2. male mice is 80, is divided into 8 groups at random, and 10 every group, each given the test agent is dissolved in the acetone, respectively is coated with in the mouse right ear two sides with stimulant (forming with shown in 1) 10 μ l, and left ear does not process.Respectively be coated with given the test agent 10 μ l in the mouse right ear two sides behind the 15min, the blank group is coated with the acetone with equal volume, and left ear is coated with the acetone with equal volume.Put to death animal behind the 4h.Cut two ears, strike down the auricle that diameter is 7.5mm.Weigh immediately, calculate left and right sides ear weight difference, and definite inflammation oedema degree.Comparative group differences significance.The results are shown in Table 3.
Carrageenin causes the pedal swelling test
36 of male rats are divided into 6 groups at random, and 6 every group, given the test agent is suspended in the physiological saline, abdominal injection (ip) administration 0.1ml, and blank gives the physiological saline with volume.Half an hour after the administration is in the normal saline solution 0.1ml (aseptic technique) of rat right back vola subcutaneous injection 1% carrageenin.By the micropipet method of masurement measure cause scorching before and cause scorching back 1-3 hour (per hour measuring once) right back sufficient volume of rat.With its sufficient volume difference that causes scorching front and back is the swelling degree.Comparative group differences significance.The results are shown in Table 4
Data processing: all data represent that with x ± SD group difference is checked with t.

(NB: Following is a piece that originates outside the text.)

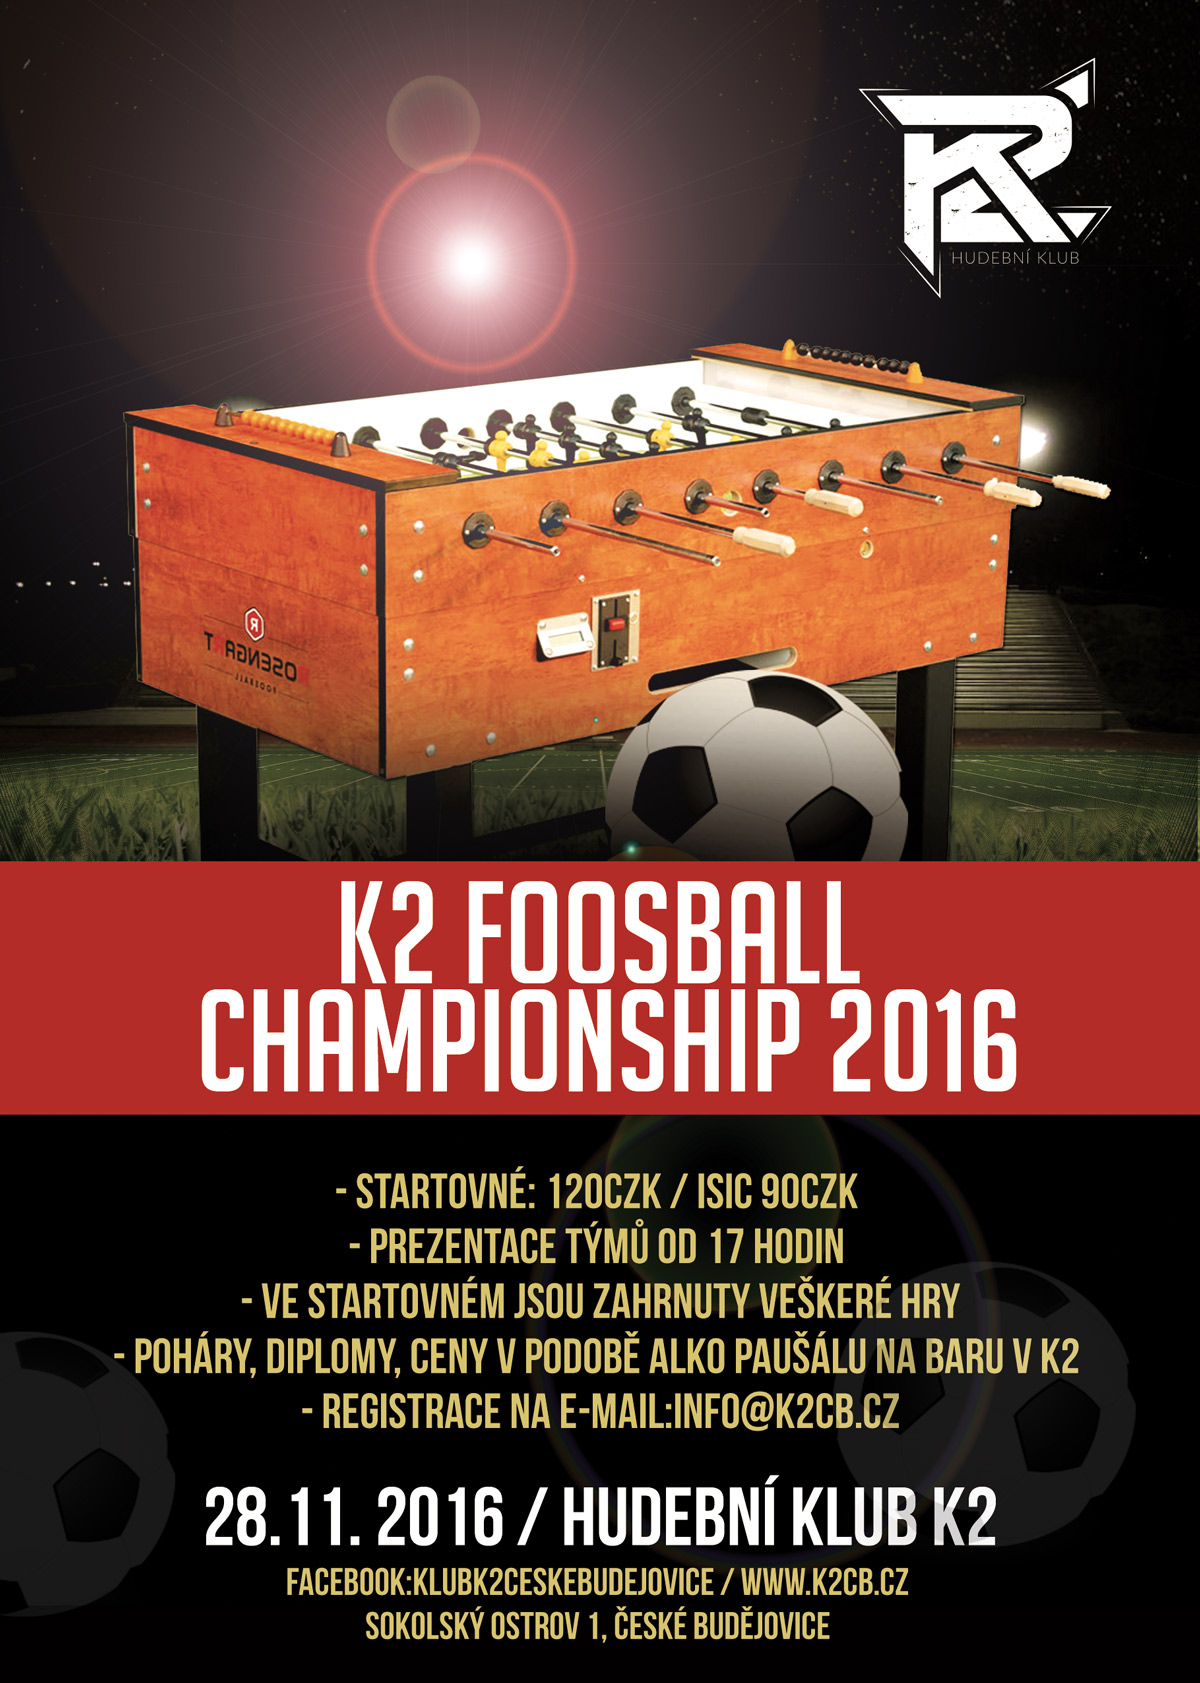 K2 foosball championship 2016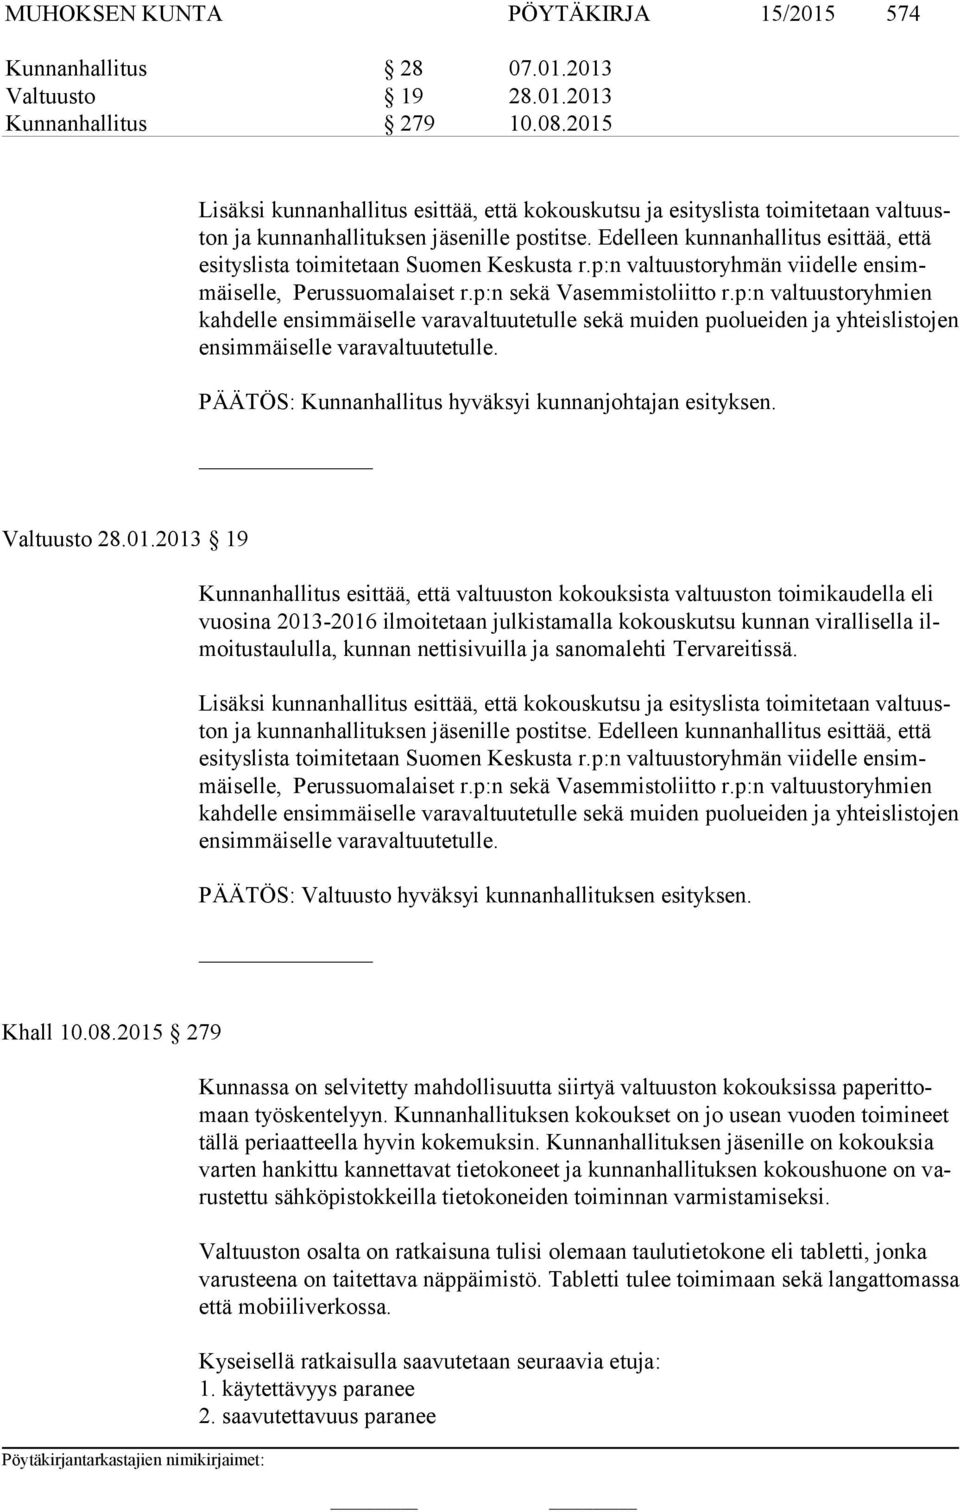 Edelleen kunnanhallitus esittää, että esi tys lis ta toimitetaan Suomen Keskusta r.p:n valtuustoryhmän viidelle ensimmäiselle, Perussuomalaiset r.p:n sekä Vasemmistoliitto r.

Table 2 Stem of confederate-jasmine lignan component (being dissolved in stimulant) is to the restraining effect of mice ear
Annotate: compare * P<0.001**P<0.0001***P<0.00001 with the blank group
Total lignans extract, nortracheloside (1), tracheloside (2) are insoluble to stimulant
Table 3 caulis trachelospermi total lignans extractive and wherein main lignan component (being dissolved in acetone) are to the restraining effect of mice ear
Annotate: compare * P<0.05**P<0.01***P<0.0001 with the blank group
Table 4 caulis trachelospermi total lignans extractive and wherein main lignan component are to the restraining effect of rat paw edema
Annotate: compare * P<0.05 with the blank group
Conclusion
Studies show that the total lignans extract of embodiment 1 and main lignan component wherein can significantly suppress mice ear, though very not remarkable to group difference in the restraining effect test of rat paw edema, demonstrated tangible trend.Above result shows that total lignans extract and main lignan component wherein have anti-inflammatory action.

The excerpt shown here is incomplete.